Commentary: Next phase of radiology will develop with developing world

Within two weeks this month, Berlin will have played host to two major and one very small radiological meeting. The German Roentgen Society has just left Berlin’s International Congress Center, and the combined International Society for Magnetic Resonance in Medicine (ISMRM)/European Society for Magnetic Resonance in Medicine and Biology (ESMRMB) is gathering. At the end of this week, the 25th anniversary meeting of the European Magnetic Resonance Forum (EMRF) will take place at Cecilienhof Castle in Potsdam, some 20 km away.

Within two weeks this month, Berlin will have played host to two major and one very small radiological meeting. The German Roentgen Society has just left Berlin's International Congress Center, and the combined International Society for Magnetic Resonance in Medicine (ISMRM)/European Society for Magnetic Resonance in Medicine and Biology (ESMRMB) is gathering. At the end of this week, the 25th anniversary meeting of the European Magnetic Resonance Forum (EMRF) will take place at Cecilienhof Castle in Potsdam, some 20 km away.

Several thousand participants from all over Germany, Europe, North America, and a very few from Asia will have been to the city. Yet it is Asia that will heavily influence radiology and MRI in the future. Today 95% of all resources for radiology are spent for 30% of the world's population in Europe, the U.S., Canada, Australia, and Japan. In most other parts of the world, there is one radiologist for every five to 10 million people. Many places have little basic equipment, and very few highly sophisticated systems are available.

This will change, however. As much as medical imaging has changed in developed countries over the last 30 years, it will change in other parts of the world within the next 20 years, though differently.

China's population is approximately 1.3 billion, the population of India is 1.1 billion, of Japan 128 million, of the European Union 494 million, of the U.S. 298 million.

Japan has an abundance of medical equipment, which has led to a surge of imaging examinations beyond any medical necessity or diagnostic indications. With 44 devices per one million people, Japan has the highest density of MR systems worldwide. During 2006, officials in the Ministry of Health, Labor, and Welfare introduced new regulations to reduce the total number of MR procedures and raise the quality of imaging services. They were concerned that too many MR machines were used without the supervision of a radiologist.

The situations in India and China are completely different. In India, government hospitals - in the cities as well as in the countryside - have very limited resources and not much specialist staff. The relative density of radiological equipment is low. In China, most hospitals are still government-run, and bureaucracy is a major problem. Although their populations are of a similar size, far more medical equipment is already available in China than in India, both per capita and in absolute numbers.

The difference in China is between big cities and the countryside. Extremely good hospitals can be found in the big cities, while the countryside is poor. Old equipment in rural hospitals - if there is equipment at all - is replaced with new machines only slowly. Availability and level of medical education and training are also slowly increasing in quality, but it will take years to reach a level of knowledge in modern imaging techniques and applications comparable to that in the cities.

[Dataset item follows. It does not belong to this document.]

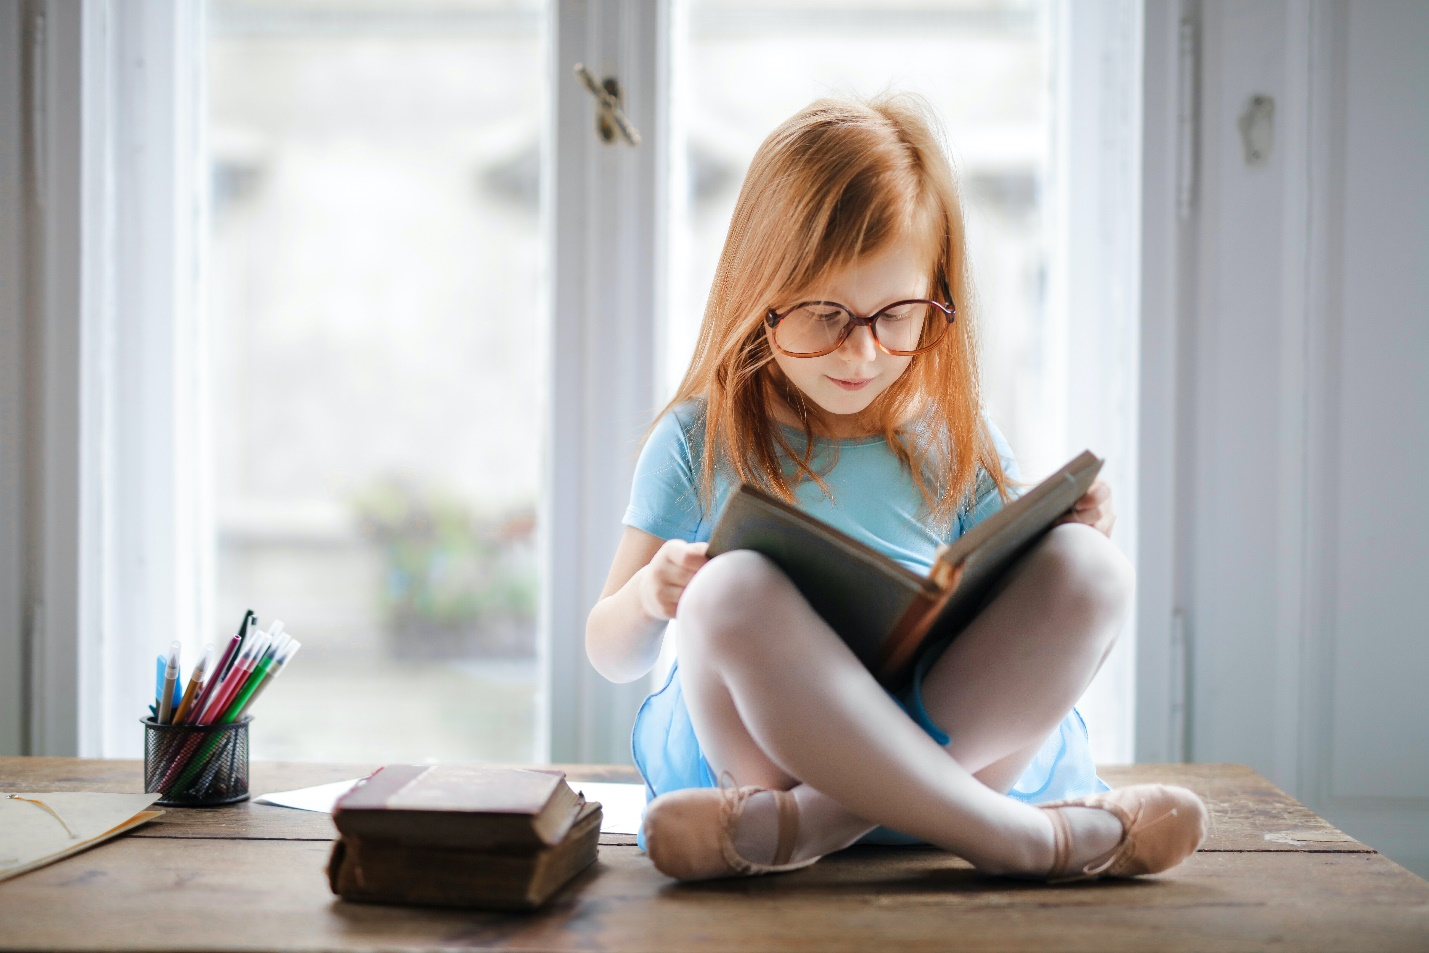 A young girl child sits cross-legged reading on a table beside two stacked books and a holder full of markers

In general, large institutions such as university hospitals, teaching hospitals, and provincial hospitals are well equipped with imported imaging systems. It is foreseeable that Chinese production of heavy medical equipment will increase in the near future. But the type of machines will be aimed at a mass market, and its users will not be well trained.

Recently, a Chinese radiologist summarized the situation: "We have 64,000 hospitals in China. We should - at least - have 64,000 CTs and 64,000 MRIs..."

Lack of financial resources and insufficient production will slow the closing of this gap in the near future. Unlike the European, U.S., and Japanese markets, which are oversaturated, it's likely to take 20 years or more to saturate the Chinese medical imaging market. It remains to be seen which companies and what kind of machines will be considered by the end users or those responsible for system acquisition.

I don't believe that all over China thousands of 3T or even 1.5T MR systems will be installed. Good quality, ease of handling, and relatively inexpensive machines will be the goal.

As Toyota became a trailblazer for automobile quality and innovation, some other company from Japan, or even from China or its neighboring countries, may become the trailblazer for a new generation of affordable, reliable imaging equipment that is useful for everyday patient diagnosis.